From 1761527ba084d239dd2b2a1617693fcd9885ae05 Mon Sep 17 00:00:00 2001
From: Evelynn-V <liwenlin0223l@gmail.com>
Date: Thu, 5 Feb 2026 15:20:40 +0800
Subject: [PATCH 2/5] Fix the review comments and add the NCCL test

Signed-off-by: Evelynn-V <liwenlin0223l@gmail.com>
---
 ci/lint/pydoclint-baseline.txt                |  1 -
 .../ray/util/collective/backend_registry.py   |  3 +-
 python/ray/util/collective/collective.py      | 10 +---
 .../collective_group/nccl_collective_group.py |  3 +-
 .../torch_gloo_collective_group.py            | 17 +++---
 ....py => gloo_allreduce_register_example.py} |  6 +--
 .../nccl_allreduce_register_example.py        | 54 +++++++++++++++++++
 python/ray/util/collective/types.py           | 21 --------
 8 files changed, 70 insertions(+), 45 deletions(-)
 rename python/ray/util/collective/examples/{gloo_allreduce_example.py => gloo_allreduce_register_example.py} (91%)
 create mode 100644 python/ray/util/collective/examples/nccl_allreduce_register_example.py

diff --git a/ci/lint/pydoclint-baseline.txt b/ci/lint/pydoclint-baseline.txt
index 683e71488691..4eb5bed0b370 100644
--- a/ci/lint/pydoclint-baseline.txt
+++ b/ci/lint/pydoclint-baseline.txt
@@ -2281,7 +2281,6 @@ python/ray/util/client/worker.py
 --------------------
 python/ray/util/collective/collective.py
     DOC101: Function `init_collective_group`: Docstring contains fewer arguments than in function signature.
-    DOC107: Function `init_collective_group`: The option `--arg-type-hints-in-signature` is `True` but not all args in the signature have type hints
     DOC103: Function `init_collective_group`: Docstring arguments are different from function arguments. (Or could be other formatting issues: https://jsh9.github.io/pydoclint/violation_codes.html#notes-on-doc103 ).
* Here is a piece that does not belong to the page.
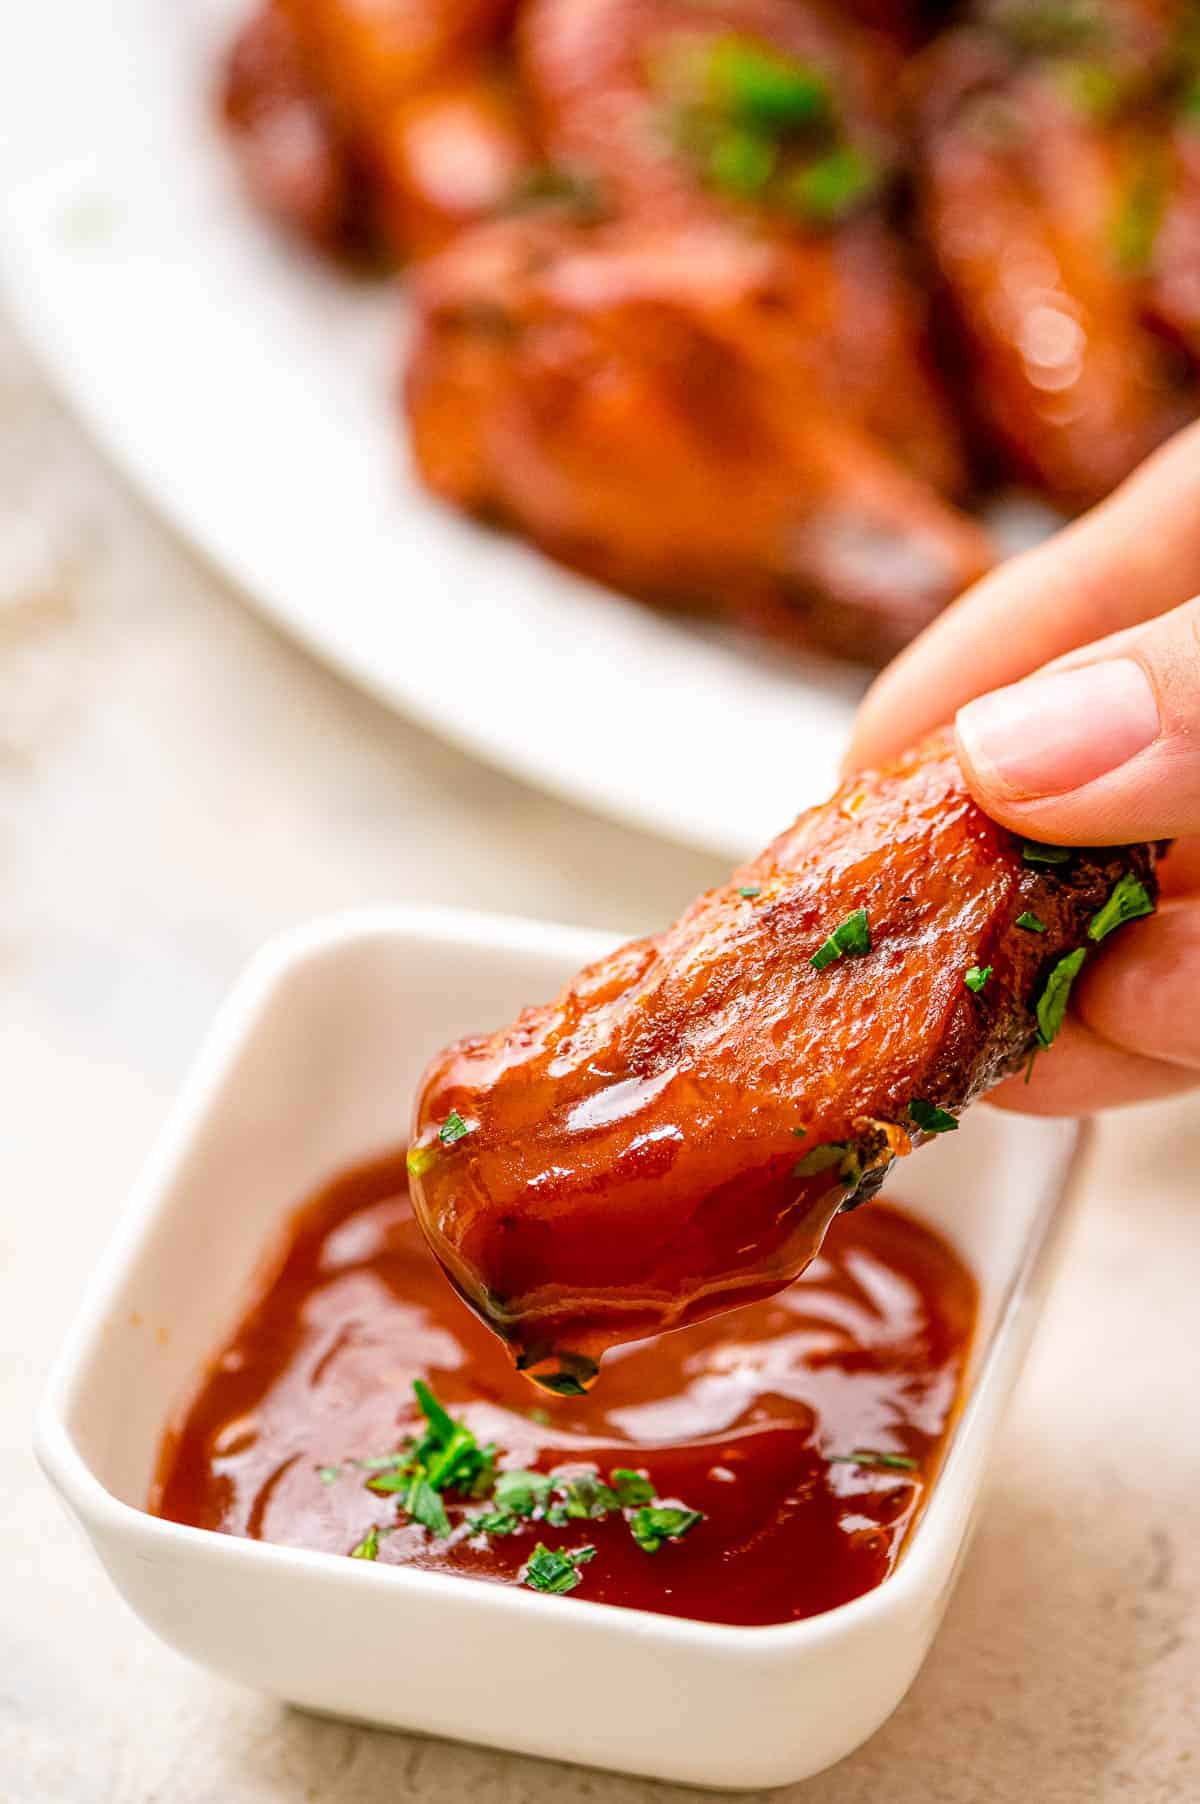 Hand dipping crock pot chicken wing in BBQ sauce

Arguments in the function signature but not in the docstring: [gloo_timeout: int].
     DOC202: Function `init_collective_group` has a return section in docstring, but there are no return statements or annotations
     DOC101: Function `create_collective_group`: Docstring contains fewer arguments than in function signature.
diff --git a/python/ray/util/collective/backend_registry.py b/python/ray/util/collective/backend_registry.py
index 7c8e44f11a14..3e11f3f1d2a6 100644
--- a/python/ray/util/collective/backend_registry.py
+++ b/python/ray/util/collective/backend_registry.py
@@ -5,11 +5,12 @@
 
 class BackendRegistry:
     _instance = None
-    _map: Dict[str, Type[BaseGroup]] = {}
+    _map: Dict[str, Type[BaseGroup]]
 
     def __new__(cls):
         if cls._instance is None:
             cls._instance = super(BackendRegistry, cls).__new__(cls)
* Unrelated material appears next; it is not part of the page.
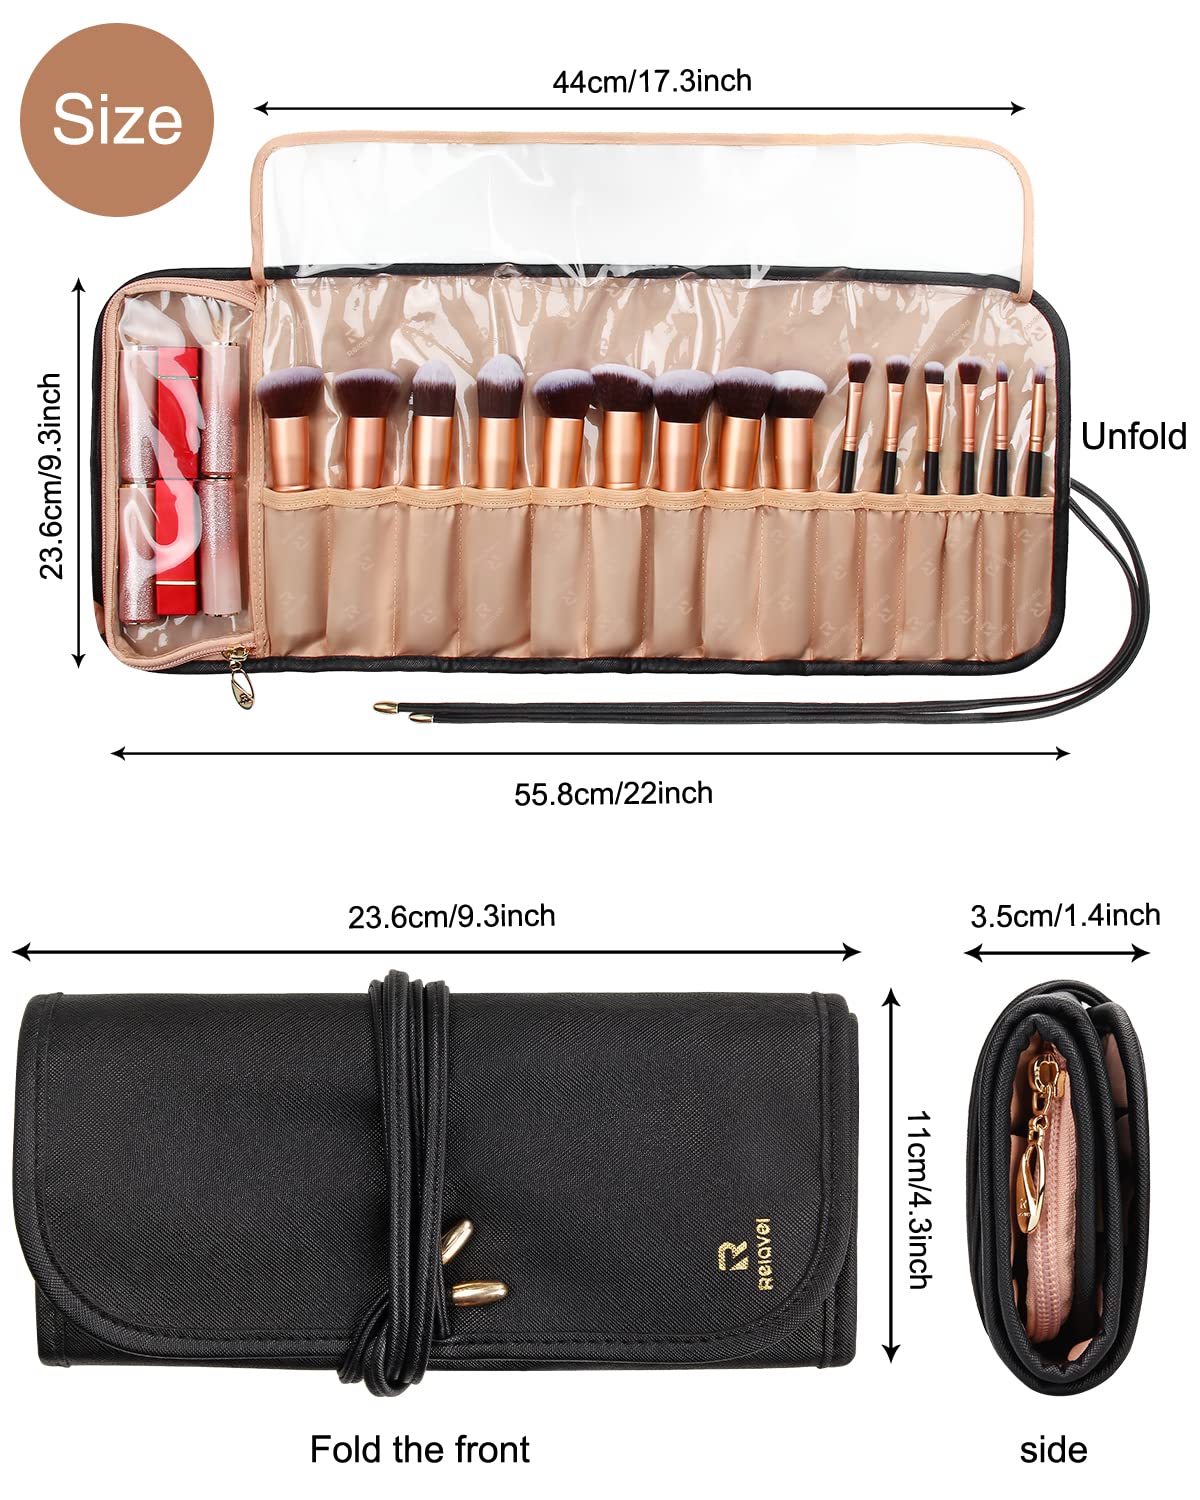 Relavel Makeup Brush Rolling Case Makeup Brush Bag Pouch Holder Cosmetic Bag Organizer Travel Portable Cosmetics Brushes Black Leather Case with Small Clear Bag

+            cls._instance._map = {}
         return cls._instance
 
     def put(self, name: str, group_cls: Type[BaseGroup]) -> None:
diff --git a/python/ray/util/collective/collective.py b/python/ray/util/collective/collective.py
index cc2cbed0a00e..f6545b692773 100644
--- a/python/ray/util/collective/collective.py
+++ b/python/ray/util/collective/collective.py
@@ -179,7 +179,7 @@ def is_group_initialized(group_name):
 def init_collective_group(
     world_size: int,
     rank: int,
-    backend=types.Backend.NCCL,
+    backend: str = "NCCL",
     group_name: str = "default",
     gloo_timeout: int = 30000,
 ):
@@ -195,14 +195,11 @@ def init_collective_group(
         None
     """
     _check_inside_actor()
-    backend = types.Backend(backend)
 
     global _group_mgr
     global _group_mgr_lock
 
     backend_cls = _group_mgr._registry.get(backend)
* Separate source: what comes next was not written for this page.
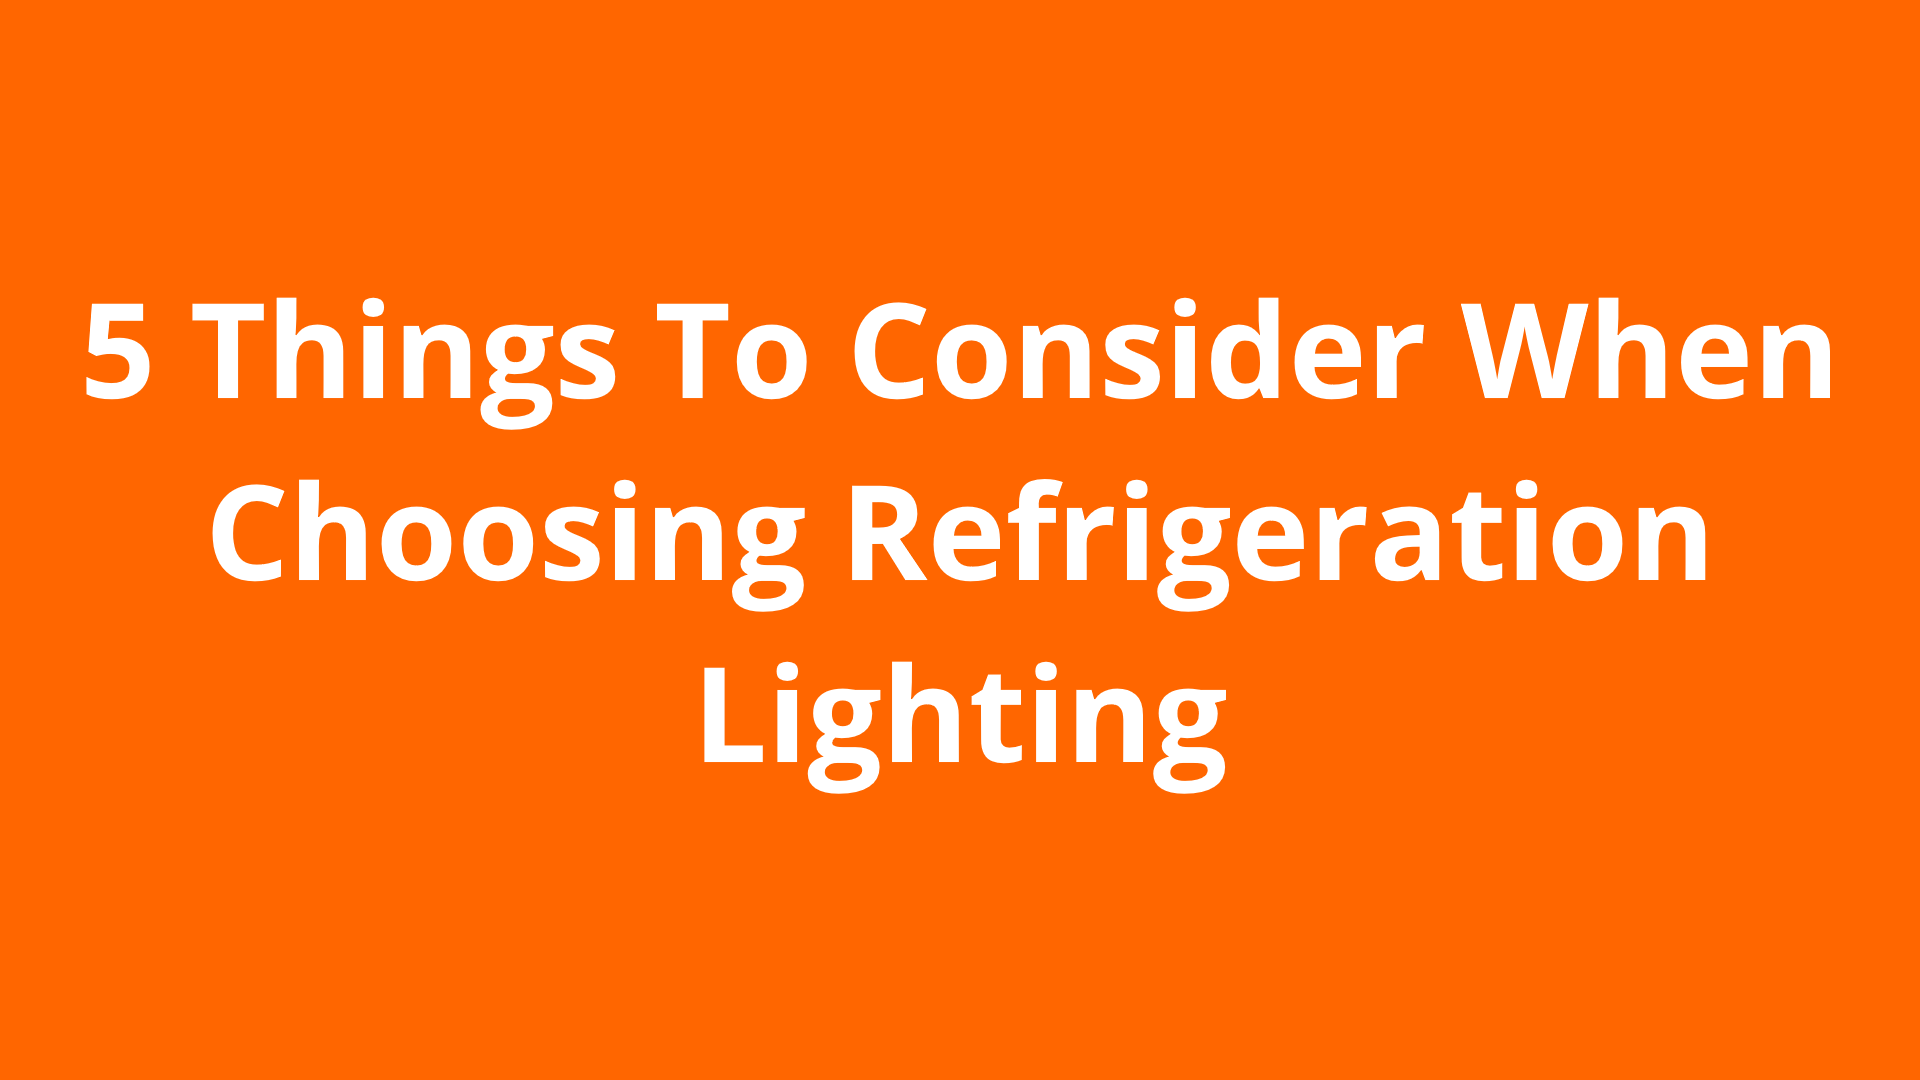 5 Things To Consider When Choosing Refrigeration Lighting

-    if backend_cls is None:
-        raise ValueError("Backend '{}' is not supported.".format(backend))
     if not backend_cls.check_backend_availability():
         raise RuntimeError("Backend '{}' is not available.".format(backend))
     # TODO(Hao): implement a group auto-counter.
@@ -225,7 +222,7 @@ def create_collective_group(
     actors,
     world_size: int,
     ranks: List[int],
-    backend=types.Backend.NCCL,
+    backend: str = "NCCL",
     group_name: str = "default",
     gloo_timeout: int = 30000,
 ):
@@ -243,10 +240,7 @@ def create_collective_group(
     Returns:
         None
     """
-    backend = types.Backend(backend)
     backend_cls = _group_mgr._registry.get(backend)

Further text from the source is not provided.